According to SBU’s description, security researchers detected this malware in the industrial control system of Aulska chlorine station in dnipropetrovsk, Ukraine, and this organization is one of the important infrastructures in Ukraine, because it is mainly responsible for providing chlorine raw materials for clean water treatment to sewage treatment plants in Ukraine.
According to reports, the malware is mainly aimed at the technical processing flow and security protection system in the industrial control system, but the Ukrainian Security Bureau said that their security experts quickly detected the existence of VPNFilter and blocked the malicious operation it wanted to try. SBU said that if the attack is successful, it will stop the operation of the industrial control system of Aulska chlorine station, cause the affected system to collapse, and even cause physical damage to the equipment, thus leading to a "catastrophic" incident. Security researchers believe that the main goal of this attack is probably to destroy the normal operation of this infrastructure.
SBU said that although the attack was mainly aimed at chlorine stations, it may also be a coincidence, because VPNFilter has successfully invaded at least 500,000 routers and network attached storage devices (NAS), and Ukraine is the main target of this malware.
The following figure shows the attack mechanism of VPNFilter:
Prior to this, the US authorities tried to disrupt the attacker’s activities by taking down one of the commands of VPNFilter to control the domain name, but researchers said that VPNFilter is still threatening the key infrastructure in Ukraine.
In fact, it is not surprising that Ukraine blames Russia for this incident. Even the US government believes that this attack is related to some cyber espionage organizations sponsored by the Kremlin.
The VPNFilter botnet was exposed in May this year.

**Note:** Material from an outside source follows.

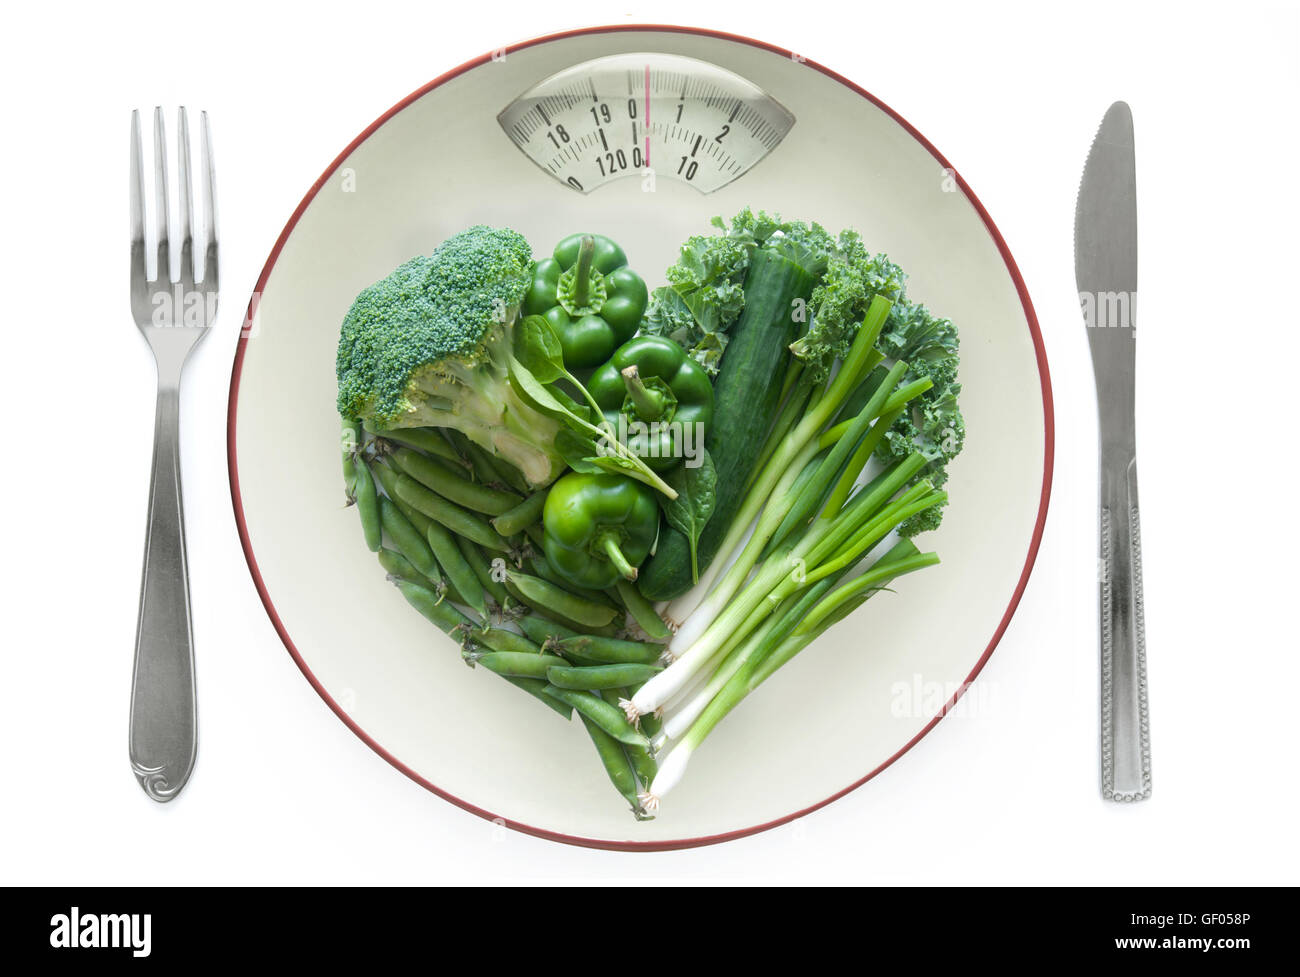 Diät-Konzept, Herz geformt grünes Gemüse auf einem Teller mit wiegen Waage Monitor über einen weißen Hintergrund Stockfoto

At that time, the VPNFilter was able to invade more than 50 routers and NAS devices. The affected manufacturers included Linksys, MikroTik, Netgear, TP-Link, QNAP, Asustek, D-Link, Huawei, UBiQuTI, Upple, and ZTE.
The researchers said that this malware can not only intercept the data sent and received by the invaded devices, but also monitor the network systems that use Modbus SCADA protocol for communication. In addition, it can also make infected devices unable to work normally.
Of course, it is not the first time that Ukraine has blamed Russia for cyber attacks. Before that, Russia was accused of launching NotPetya attacks on Ukraine’s power network system.